Kishore Bang, vice chairman and managing director of equity research house Nirmal Bang Group, doubts whether this move will help. “Banks have started deploying more funds in government securities and are maintaining SLR greater than the required limit,” he notes. “Therefore, even though the SLR cut provides more leeway to banks to disburse funds to productive sectors, it may not provide any short-term stimulus to India’s economy.”
For a short-term stimulus, businesses are now looking to Delhi and the resumption of the reform process. Union Home Minister P. Chidambaram has just been appointed the new finance minister and he is unlikely to start making radical moves overnight.
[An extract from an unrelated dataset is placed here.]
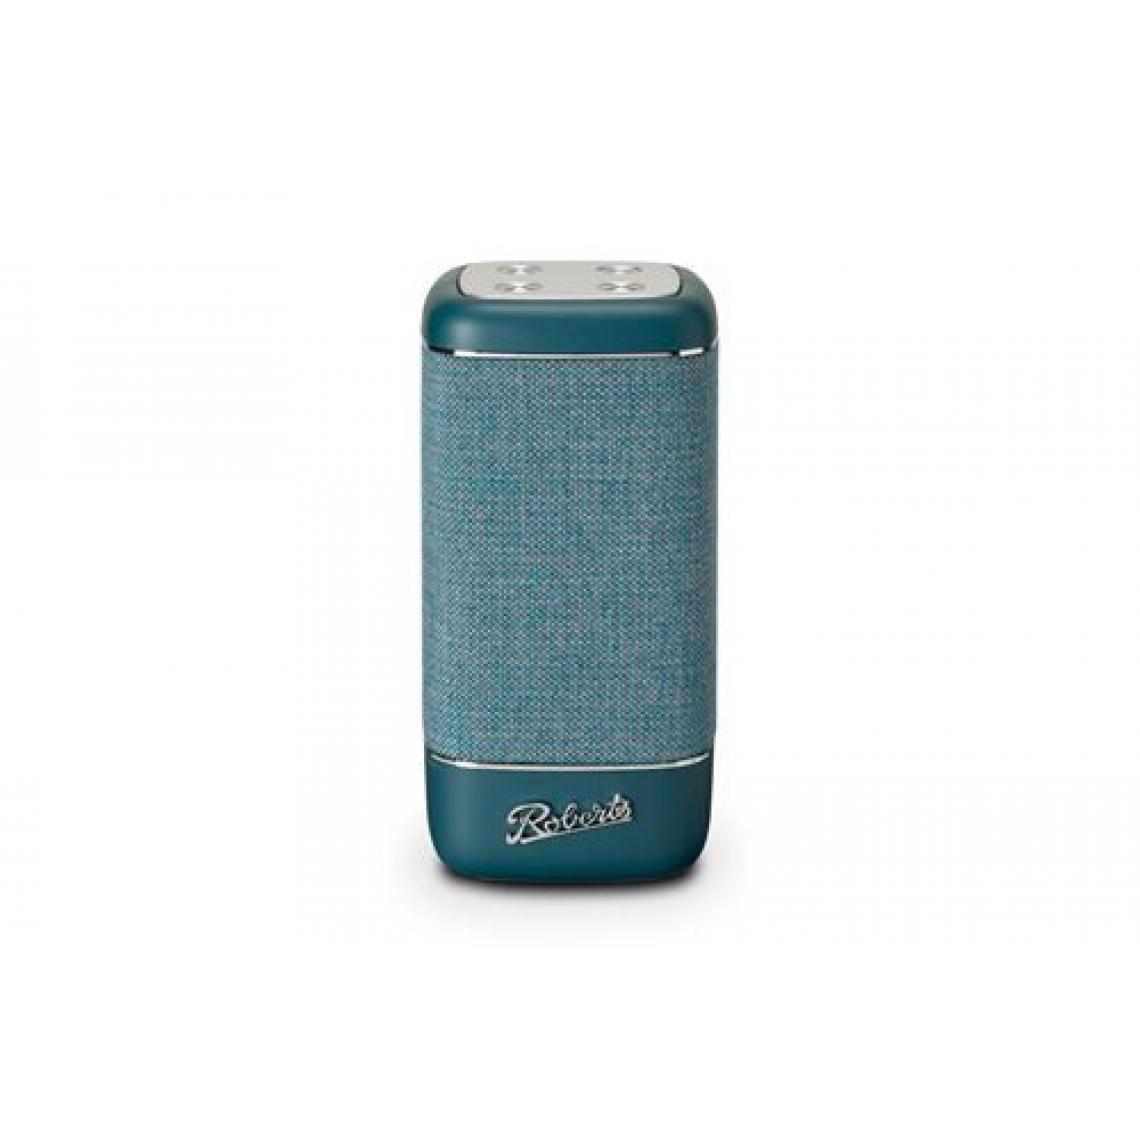 Roberts - Enceinte portable Bluetooth Roberts Beacon 325 Bleu sarcelle - Enceintes Hifi
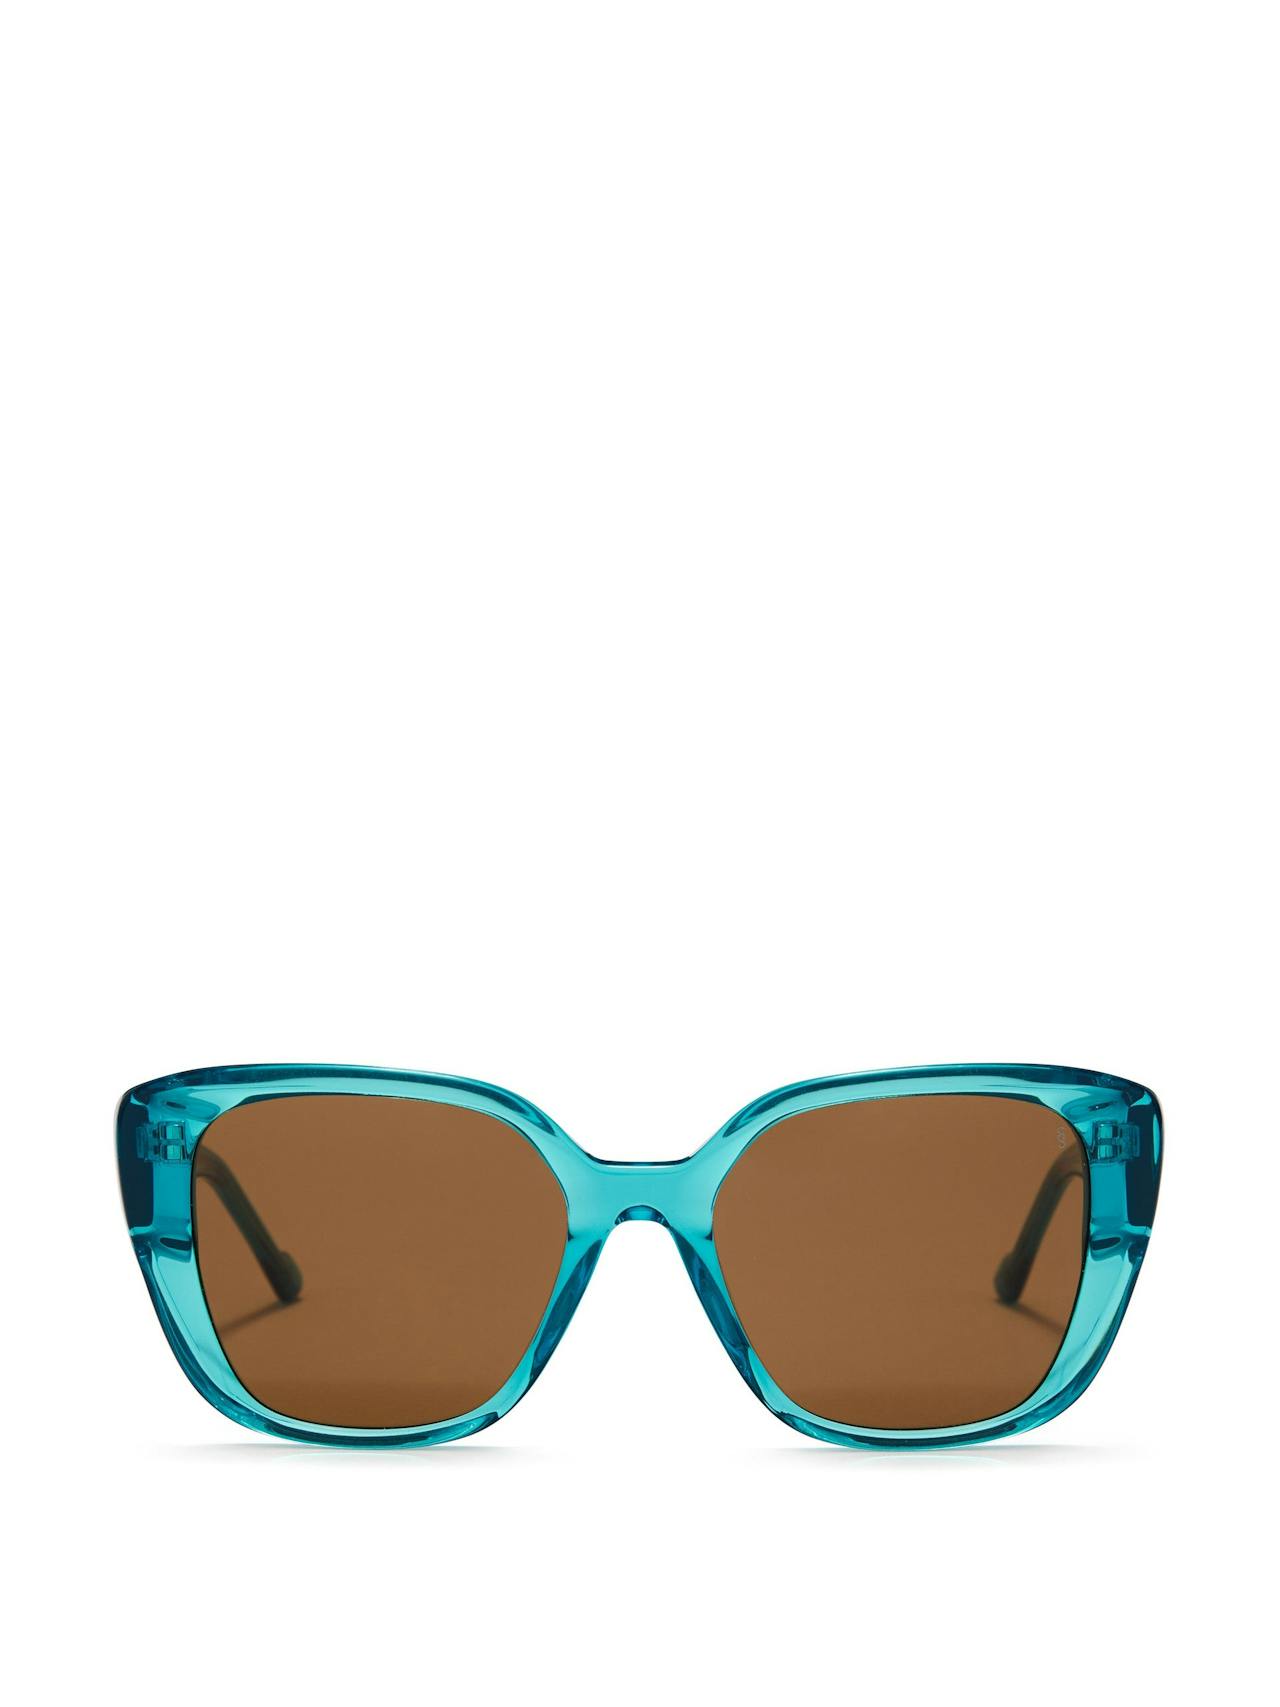 Azure crystal Harmonia sunglasses

Under Prime Minister Manmohan Singh, who held the finance portfolio that he took over when former finance minister Pranab Mukherjee became president, very little happened. There was some noise over an opening of foreign direct investment (FDI) in retail. But allies in the Congress-led government shot down the proposal. Plans have been announced for further public sector disinvestment. That measure still has to run the opposition gauntlet, however.
Thus, many firms are opting to take their money abroad. A study by Apex Chamber of Commerce Assocham points out that in May, 68 domestic firms invested abroad in sectors such as wholesale, retail, hotels and restaurants. “It will not be possible for India to keep its doors shut for FDI in retail,” predicts Assocham president Rajkumar Dhoot.